If you're not part of
the solution......Then you're part of the problem.
By: Betsy McGee
Ok, so this past weekend I helped with a fund raiser for a soup
kitchen in Limon, Honduras. The goal of the

kitchen
is to feed over 80 orphans and widows 2 meals a week along with
an age-appropriate multi-vitamin. The main purpose of this past
fund raiser was to earn enough to build a permanent indoor kitchen
since the outdoor kitchen they had been using was washed away
in the last round of hurricanes. This is not such an extraordinary
thing to try to accomplish.
However, there are anti-soup kitchen-ers, who say we should be directing
this humanitarian effort towards our own. Our own what? We're all humans,
right? The first part of the word "humanitarian"...? You guessed
it! Oh, you mean Americans? Like the homeless people who stand at traffic
lights begging for money and by doing so make more a year than I do and
I have 2 jobs? Or the hurricane victims who spent their government checks
on flat screen TVs?
I say this, not to judge, but to make a point. We as Americans have become
a self-involved nation full of self-involved people. We only concern ourselves
with others who may directly affect our own lives. Not that it's not justified
from time to time, but it's that old "squeaky wheel gets the attention."

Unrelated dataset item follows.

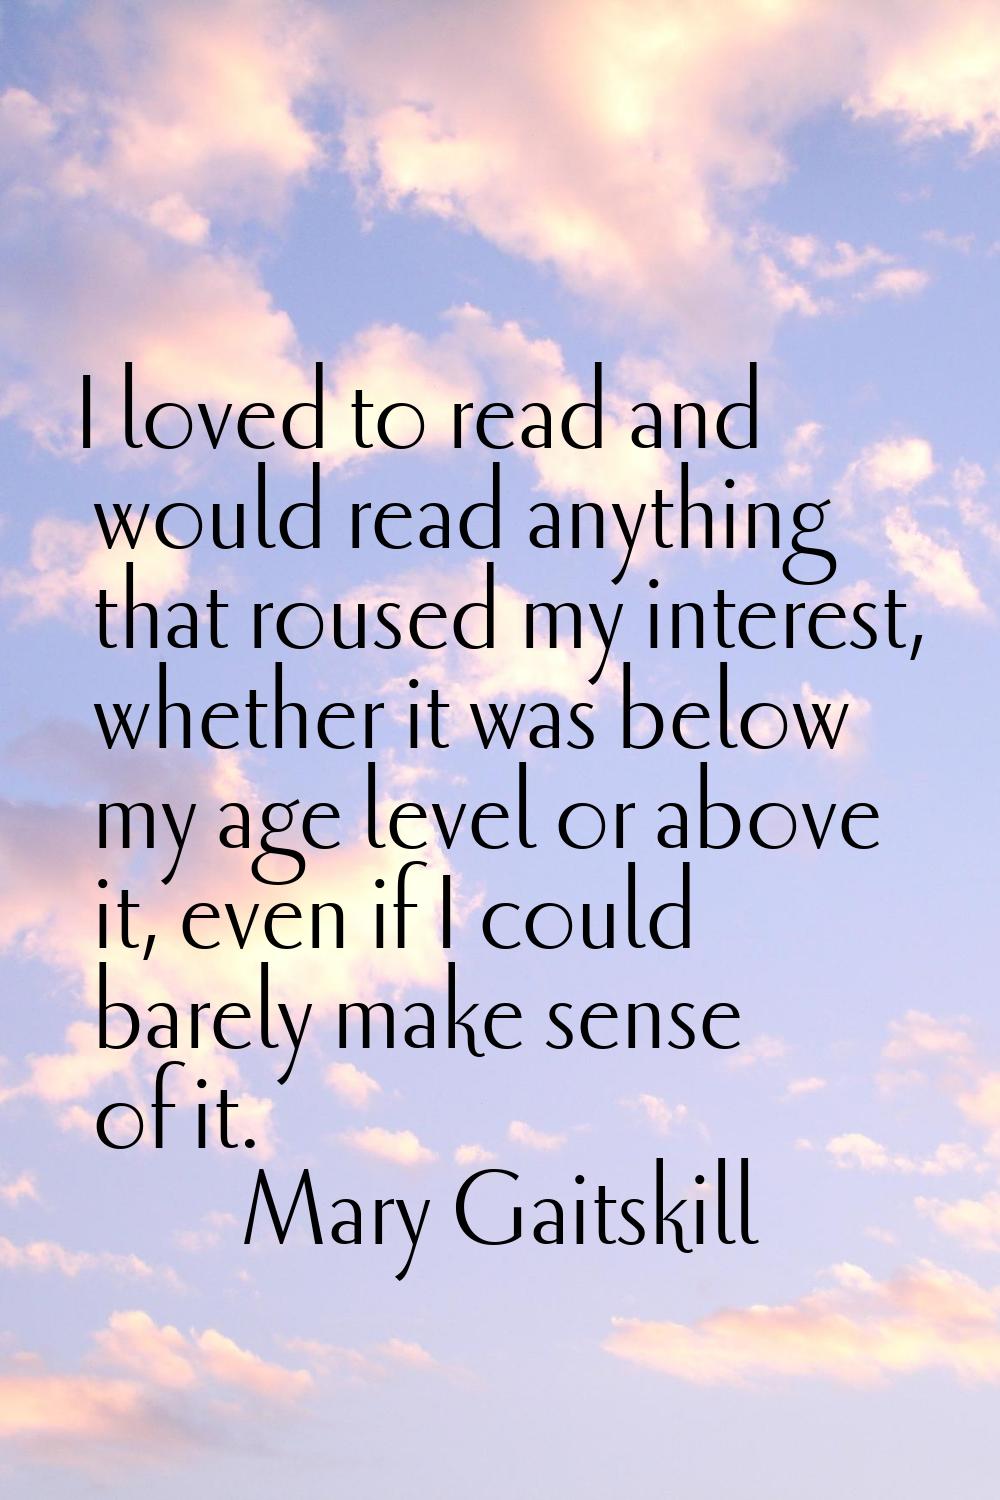 I loved to read and would read anything that roused my interest, whether it was below my age level 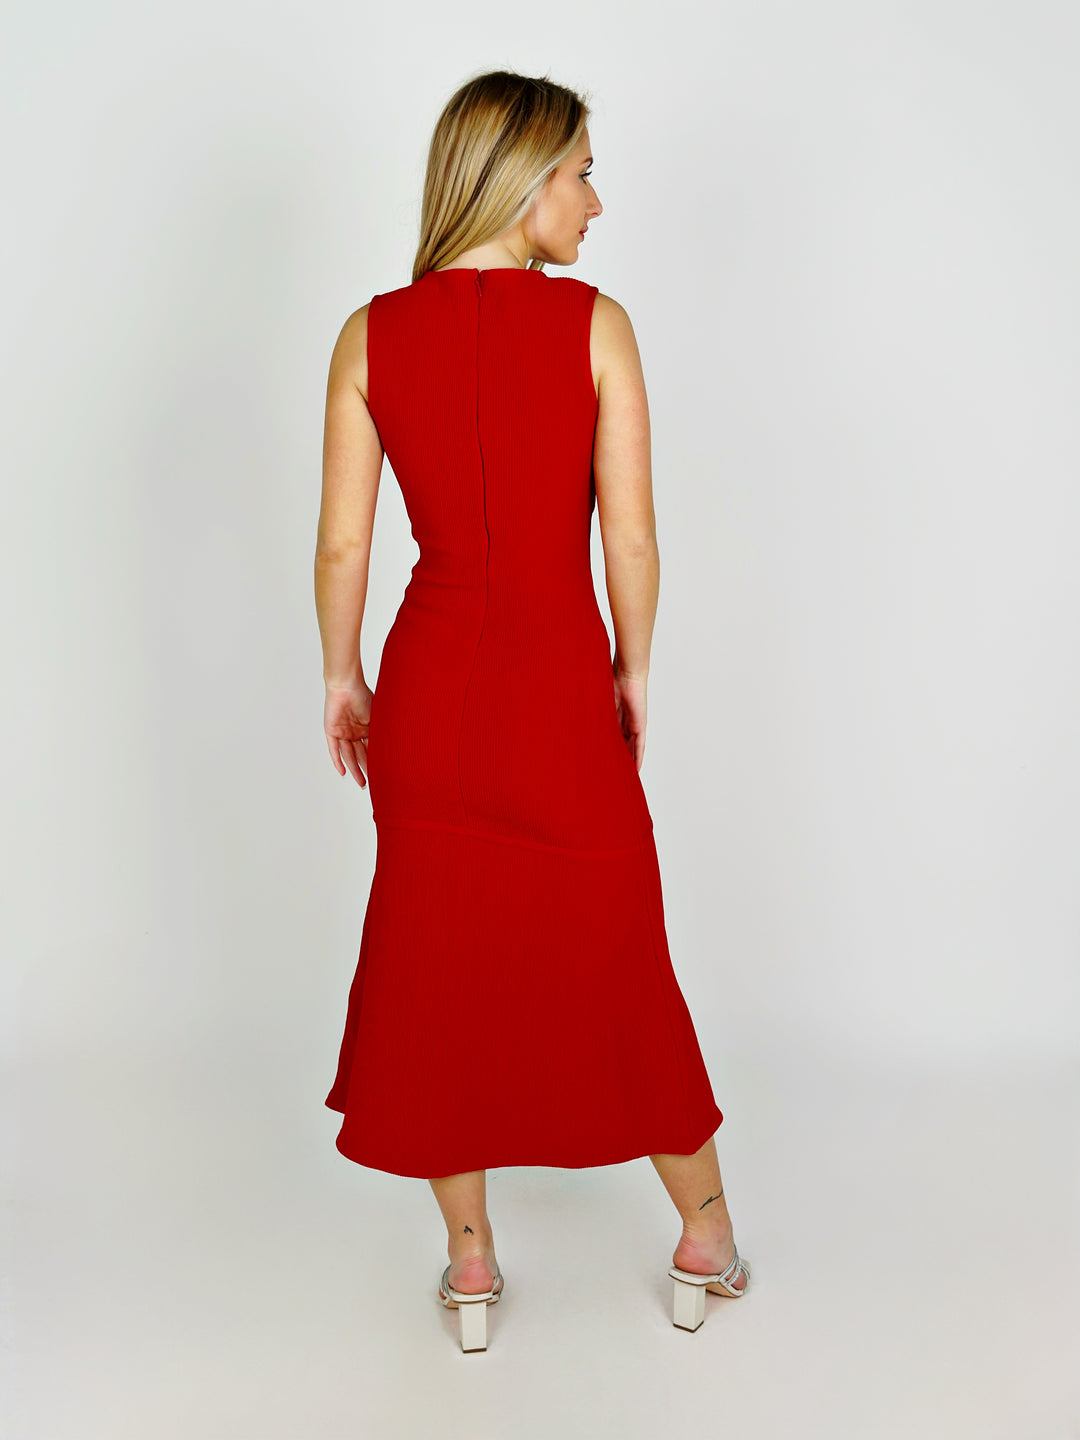 Red Solid Knit Dress

I first got involved with the soup kitchen a little over two years ago,
a little at a time, as I was asked to help. One day I realized that I
was miserable. So, I took some time to think and realized that if I could
be unhappy here in America, where almost anything I could want is at my
disposal, then I would never be happy with anything I did. So, I jumped
in, both feet first, to help these people who never asked for it and always
seemed to be smiling.
Helen Keller once said, "I am only one, but still I am one. I cannot
do everything, but still I can do something. I will not refuse to do the
something I can do." People, she was deaf and blind, what's your
excuse?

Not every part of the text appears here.